### Dataset content
--------------------------------

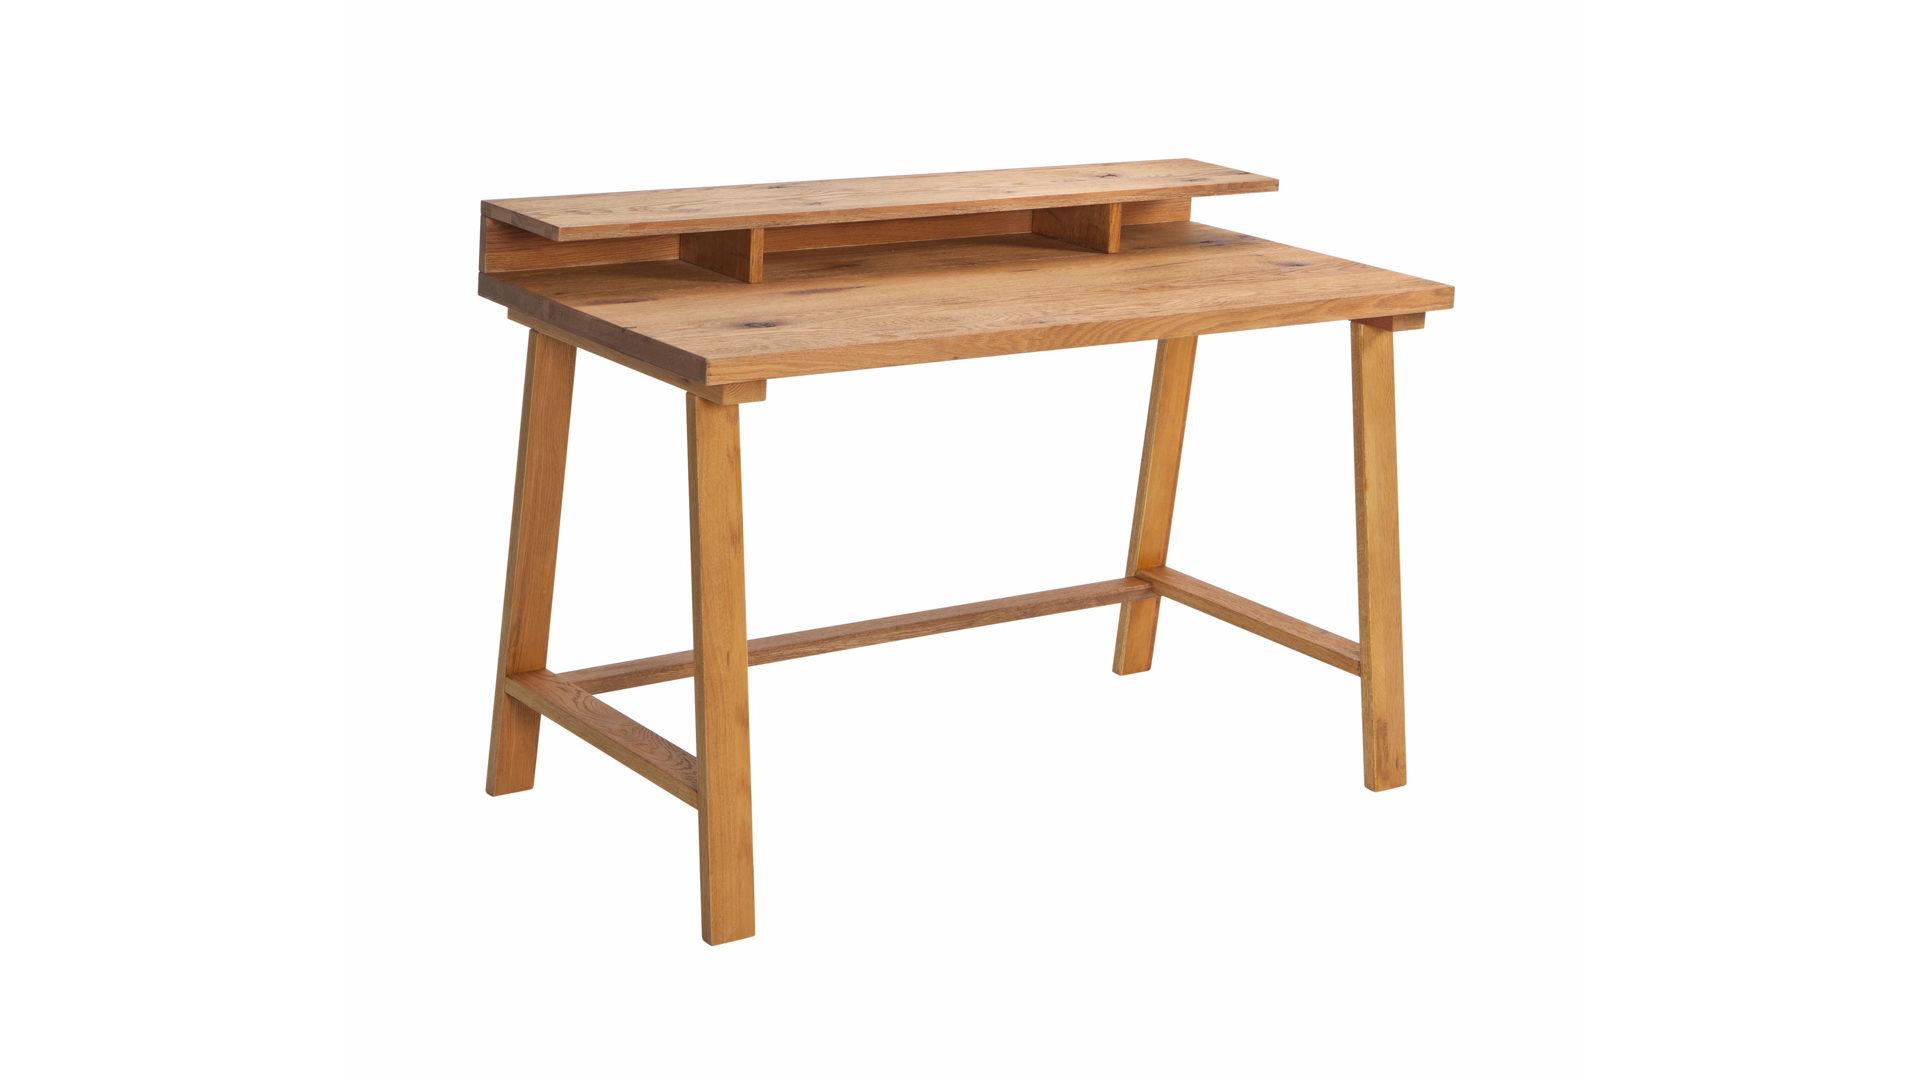 Amüsant Schreibtisch Schmal Referenz Von Einrichtungspartnerring, Möbel A-z, Tische, Massivholz-schreibtisch, Massivholz-schreibtisch Für
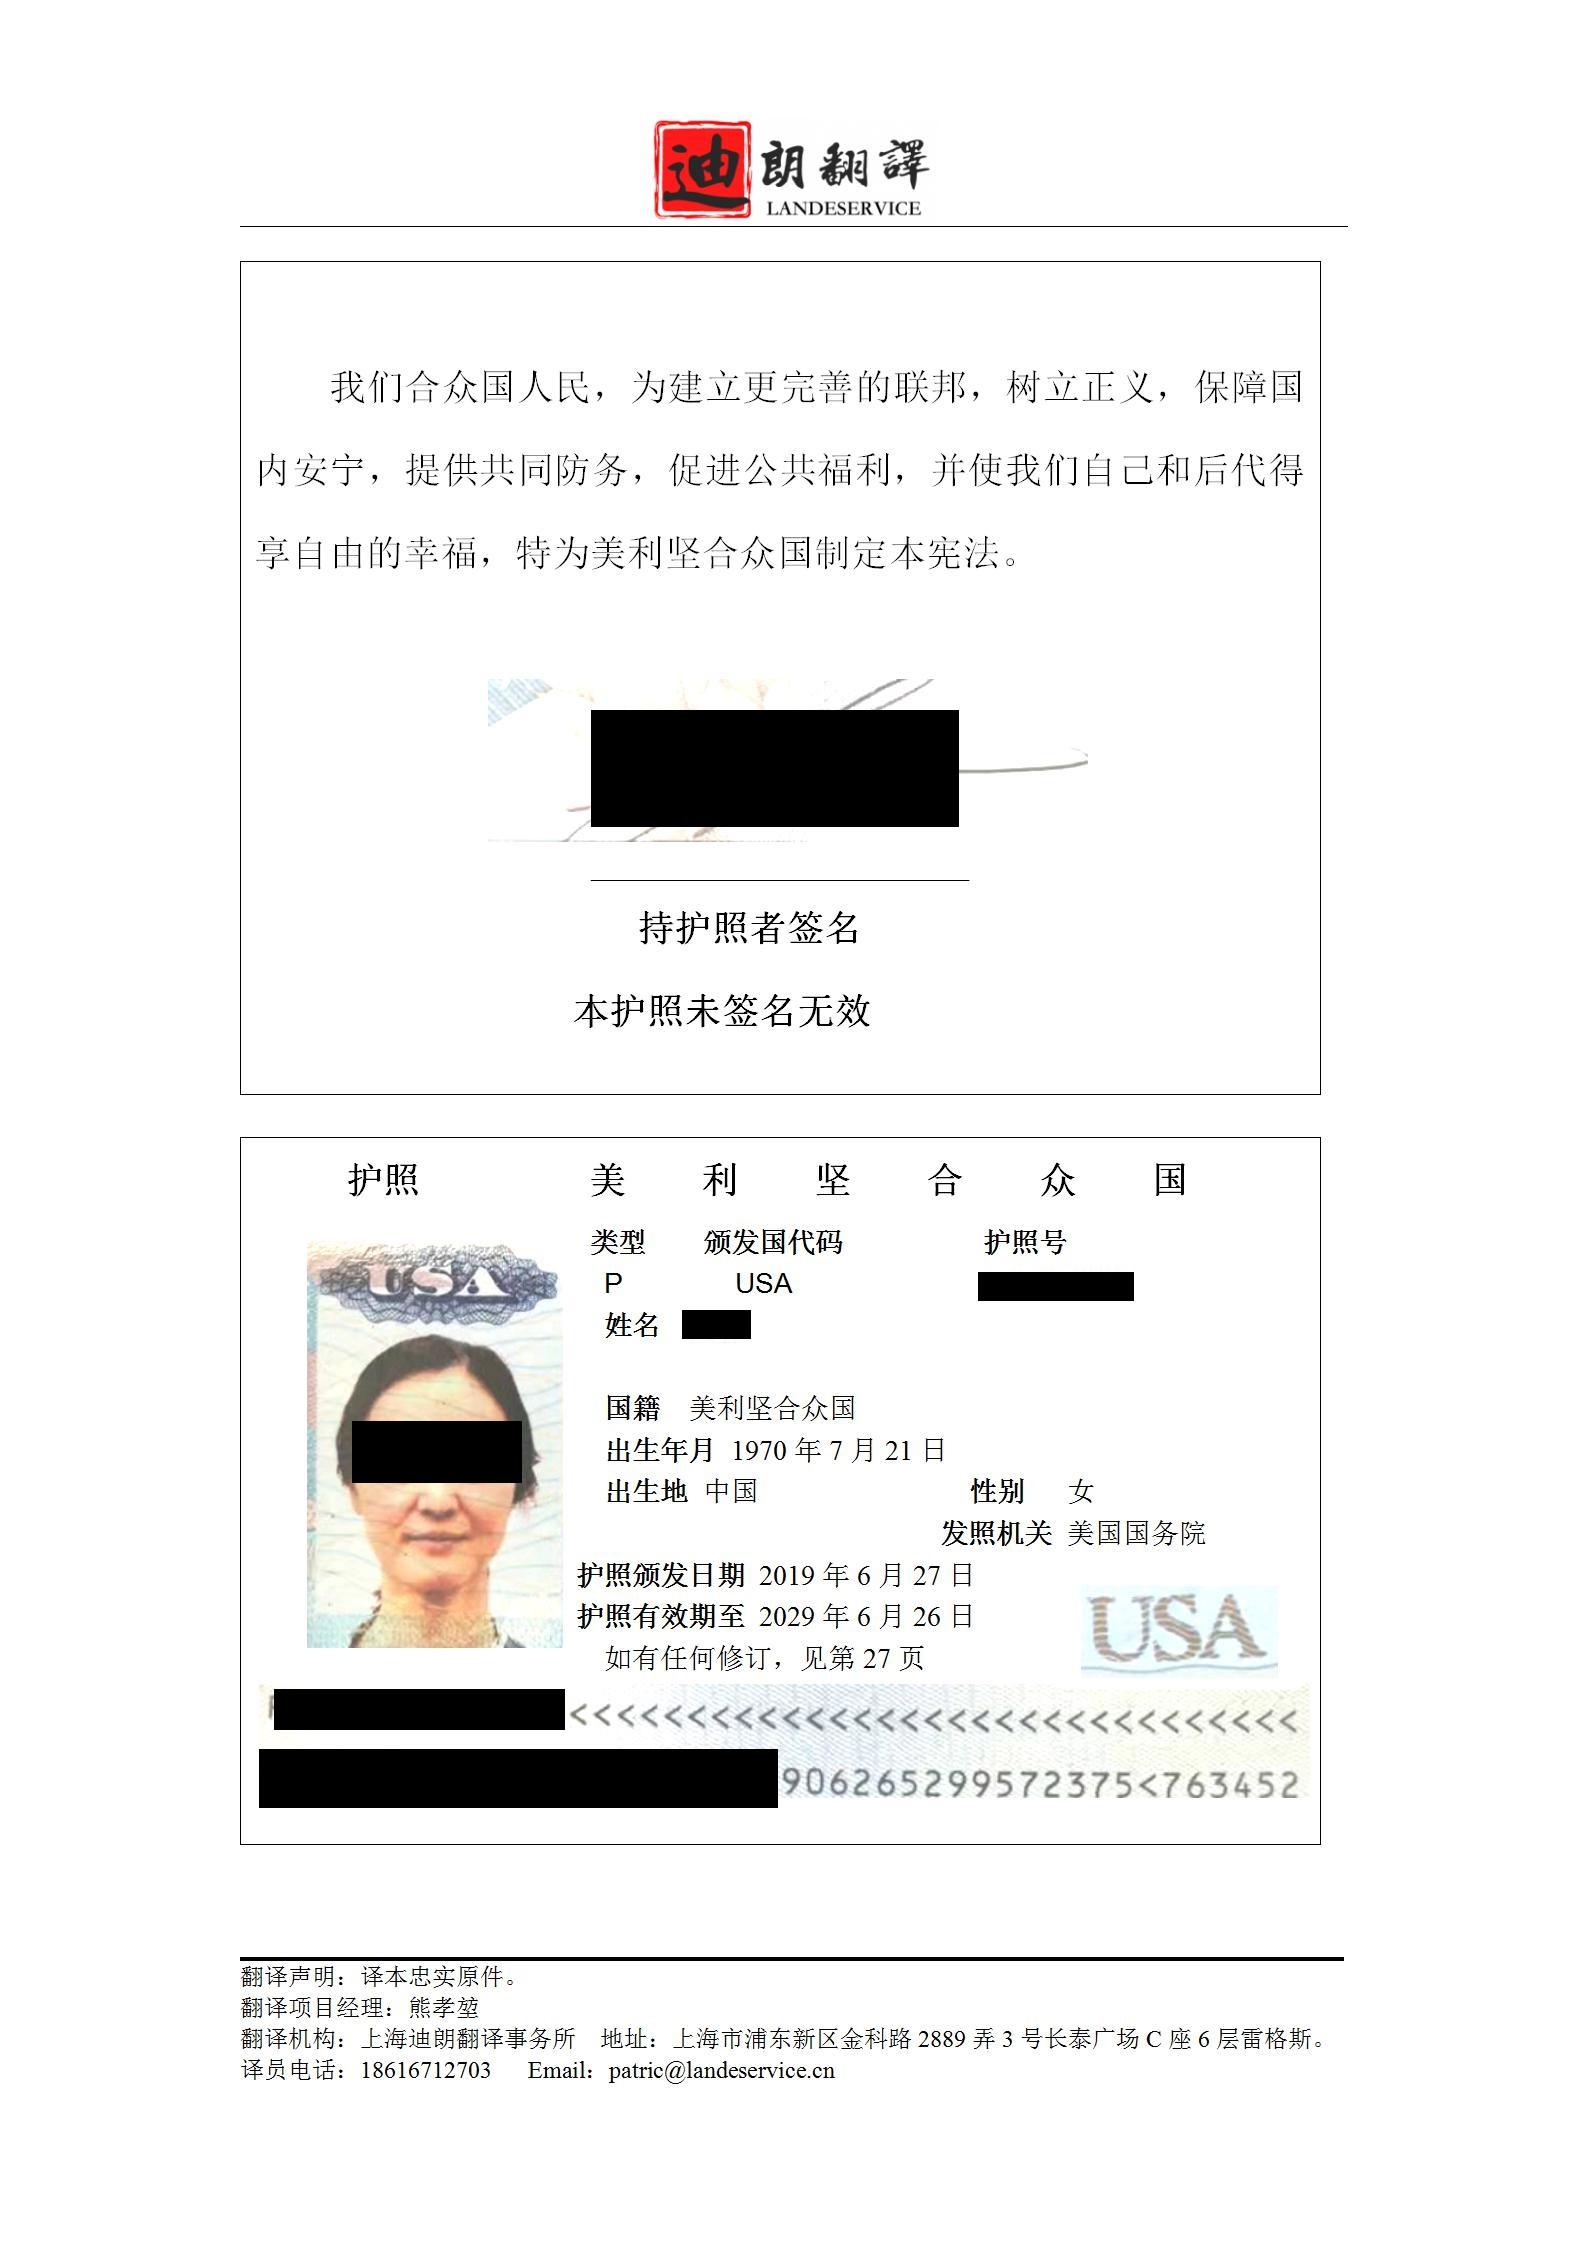 美国护照翻译件jren 01 - 美国护照翻译认证盖章
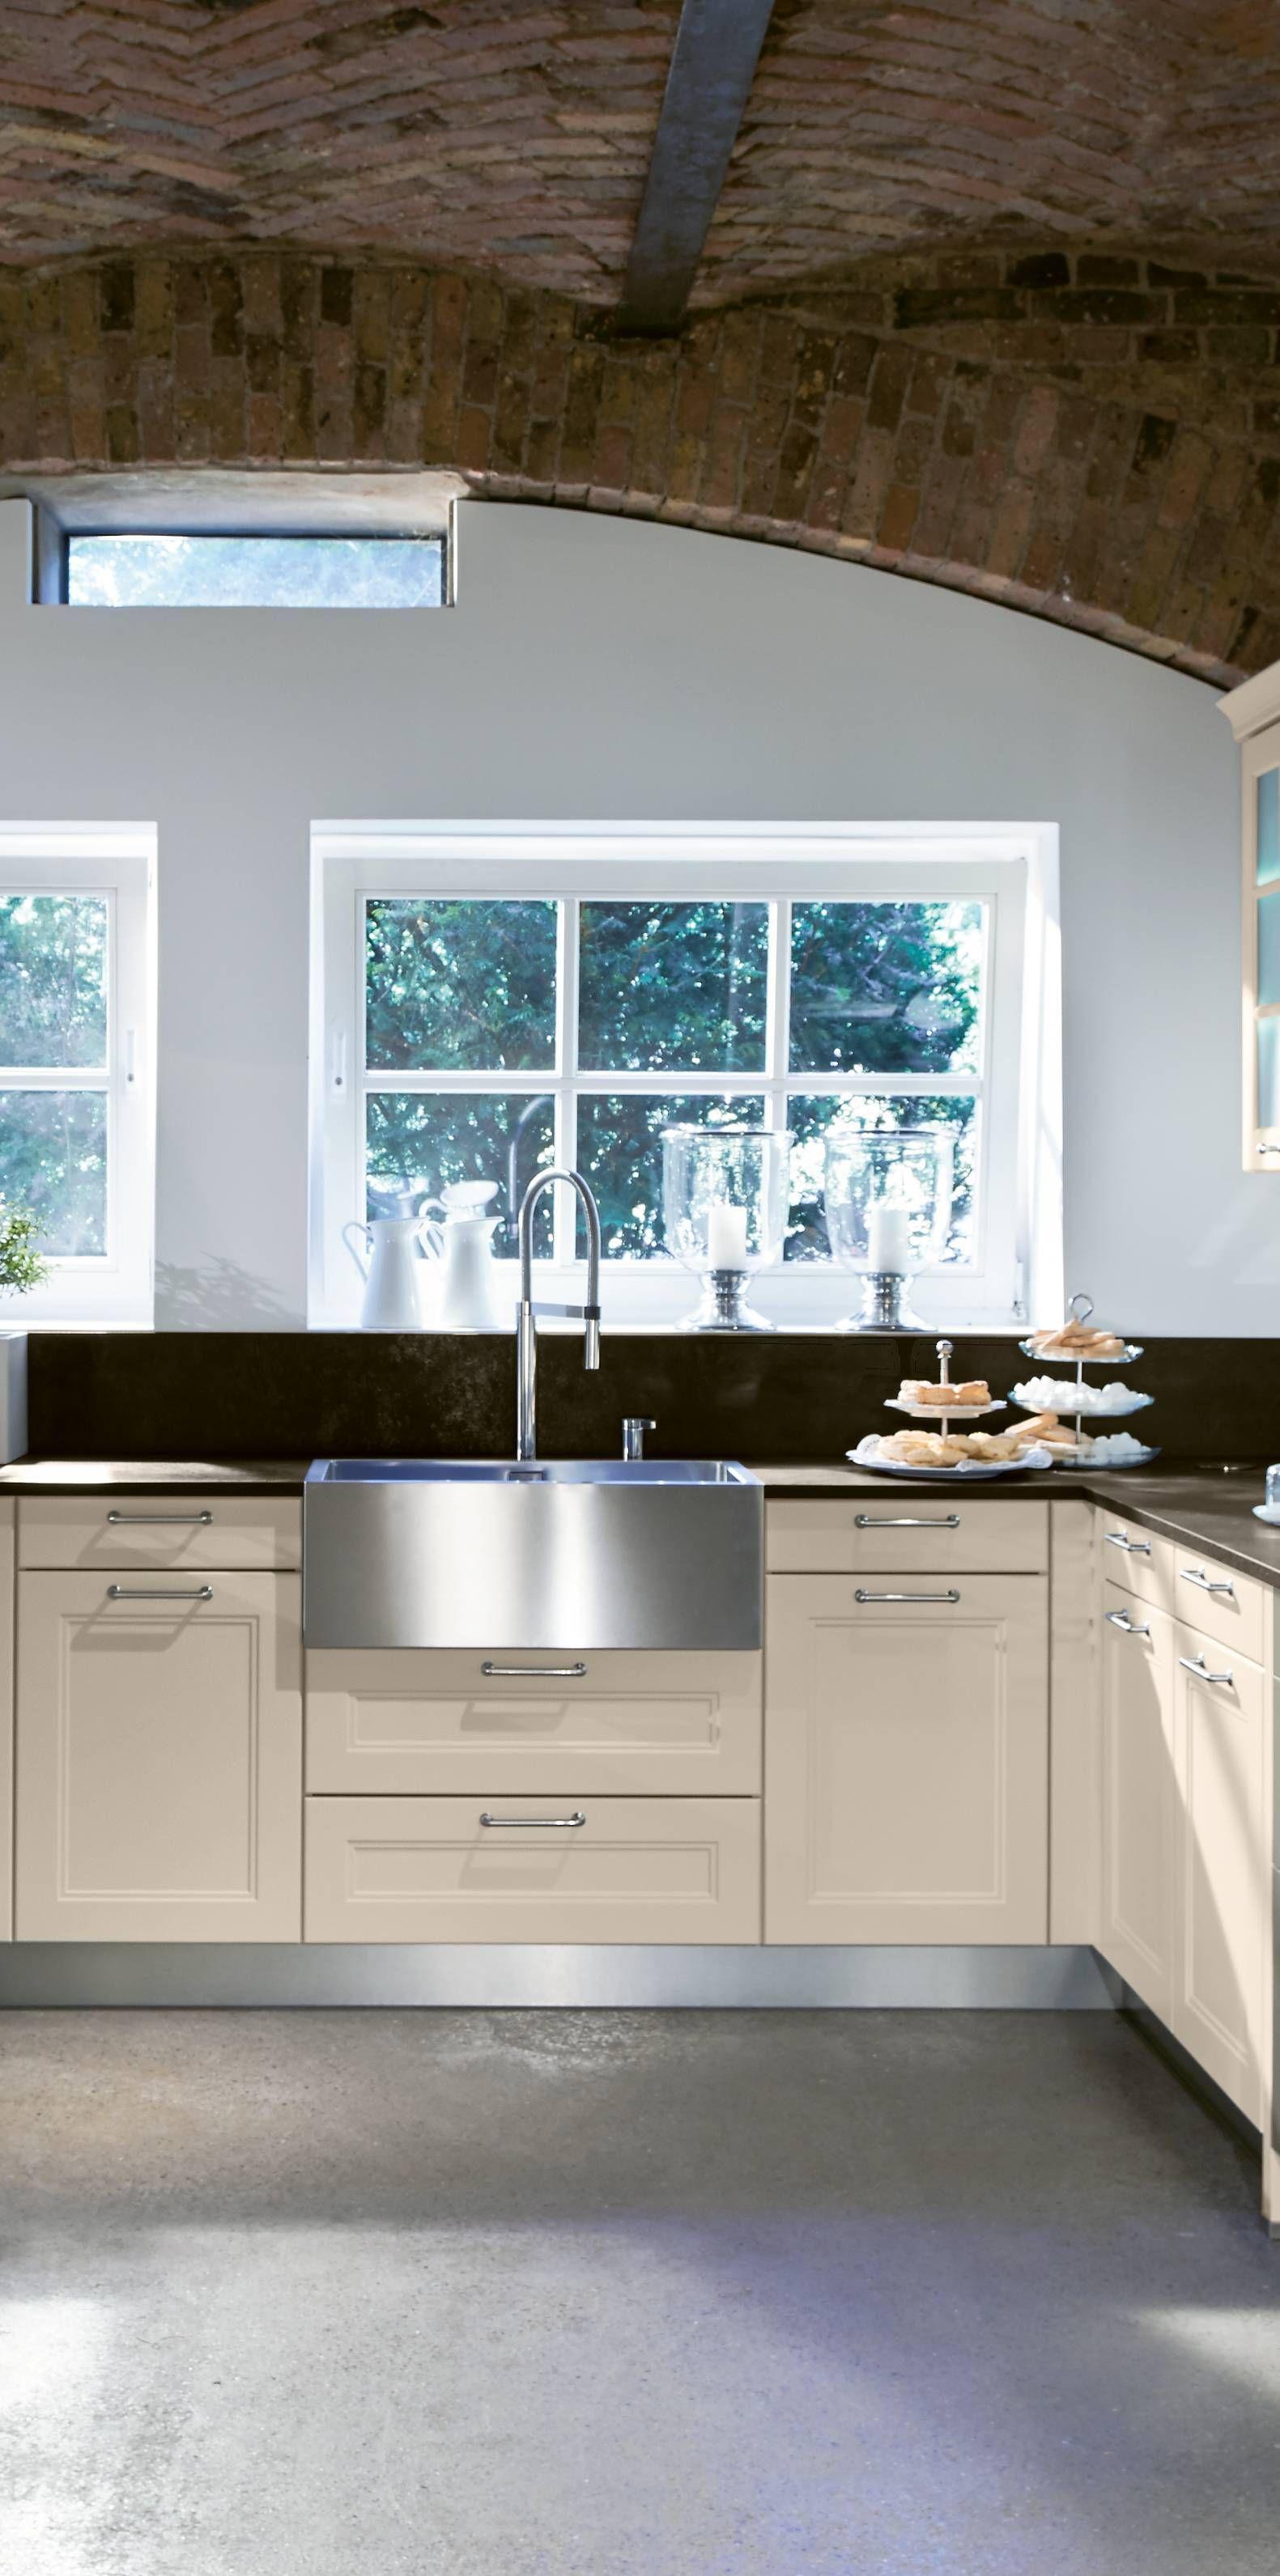 Schöne elegante angehaucht moderne Landhausküche in

--------------------------------

### Problem statement
Could the data above be returned in full, exactly, with every image left out?

### The answer
 Amüsant Schreibtisch Schmal Referenz Von Einrichtungspartnerring, Möbel A-z, Tische, Massivholz-schreibtisch, Massivholz-schreibtisch Für
 美国护照翻译件jren 01 - 美国护照翻译认证盖章
 Schöne elegante angehaucht moderne Landhausküche in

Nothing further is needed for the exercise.